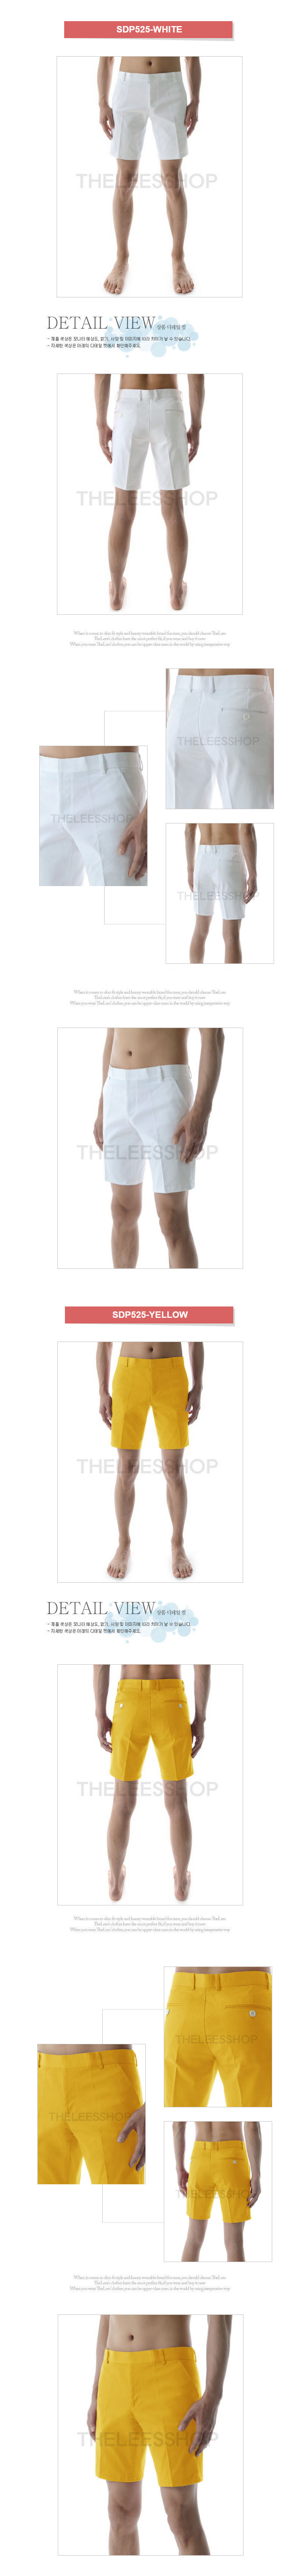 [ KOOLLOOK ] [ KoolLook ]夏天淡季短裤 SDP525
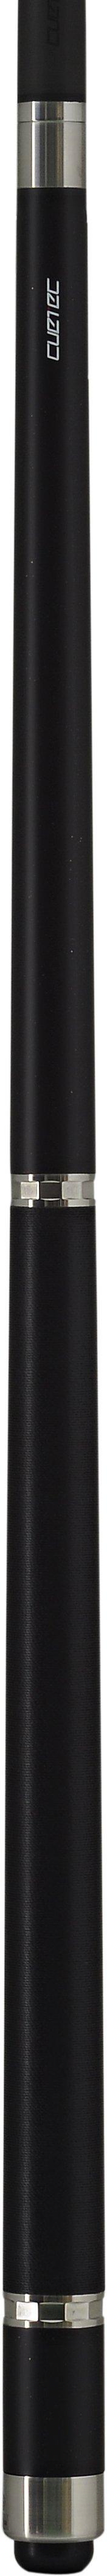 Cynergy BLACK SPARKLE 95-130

☆ ☆ ☆ ☆ ☆ ☆ ☆

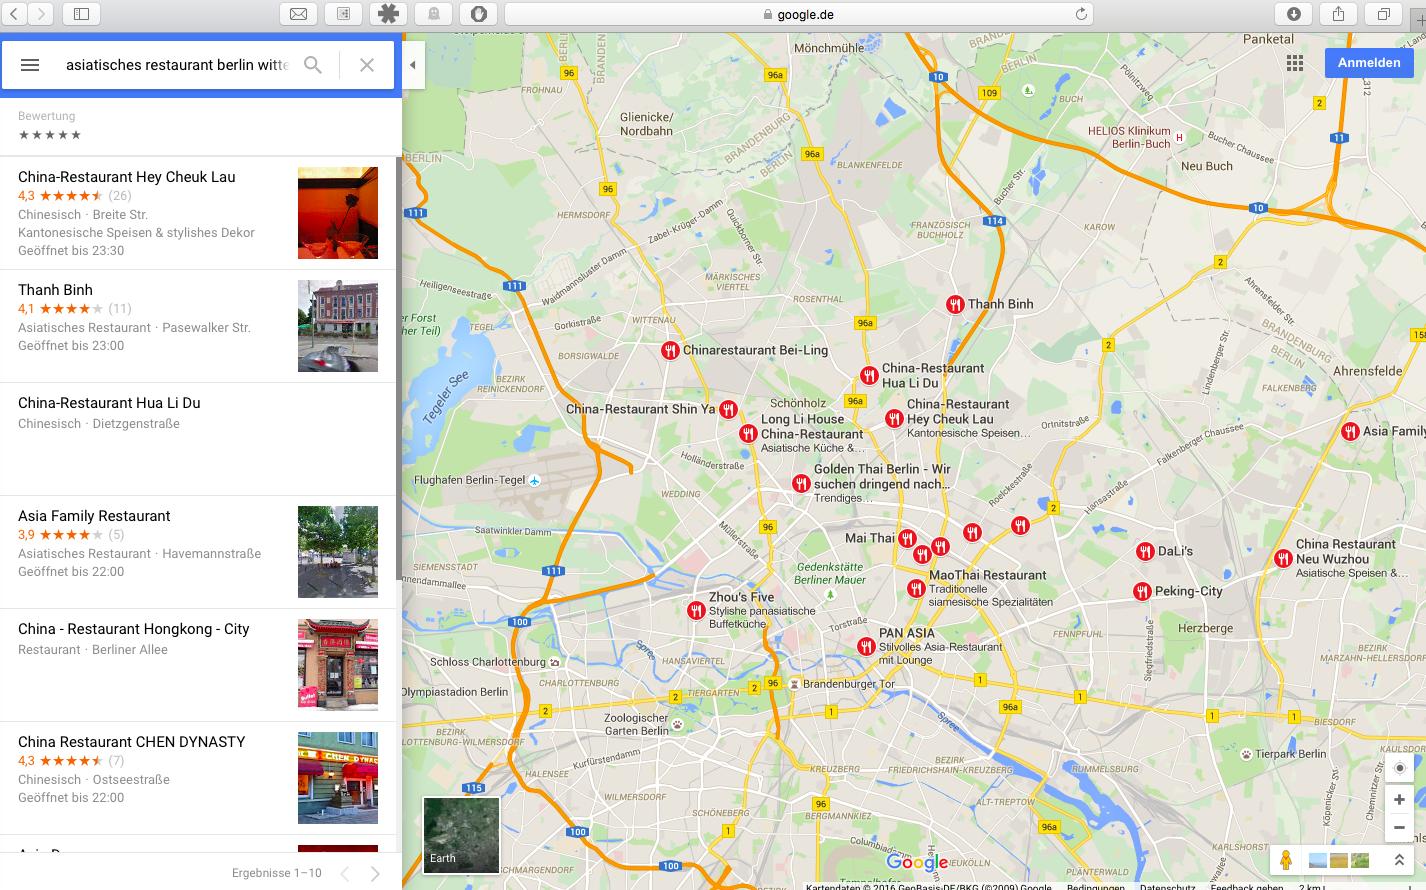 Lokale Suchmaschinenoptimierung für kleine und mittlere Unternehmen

☆ ☆ ☆ ☆ ☆ ☆ ☆

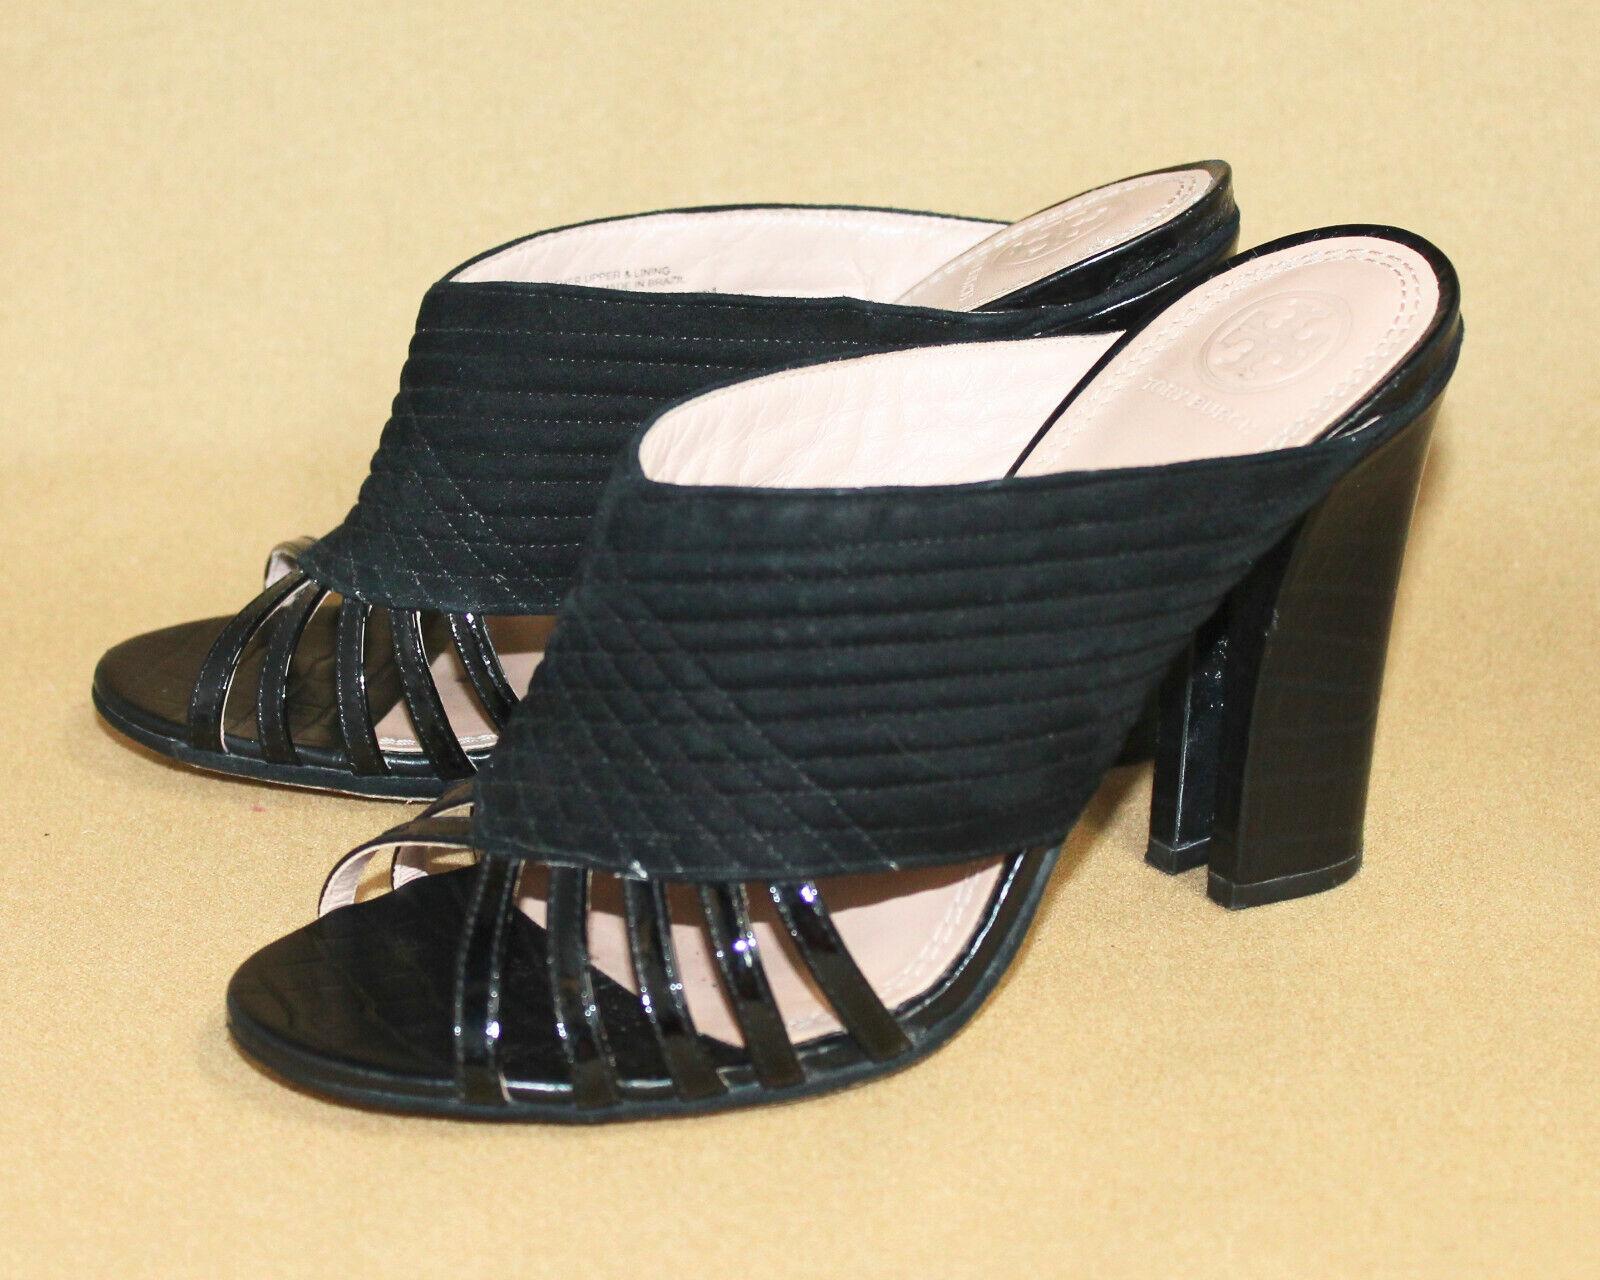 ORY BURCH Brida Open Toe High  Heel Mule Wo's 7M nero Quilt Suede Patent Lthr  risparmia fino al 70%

☆ ☆ ☆ ☆ ☆ ☆ ☆

Prompt:
In the listing above, find the line with "[ KOOLLOOK ] [ KoolLook ]夏天淡季短裤 SDP525" and the line with "Cynergy BLACK SPARKLE 95-130". Output both, plus every line between them, and no pictures.

Solution for this exercise:
 [ KOOLLOOK ] [ KoolLook ]夏天淡季短裤 SDP525
 Cynergy BLACK SPARKLE 95-130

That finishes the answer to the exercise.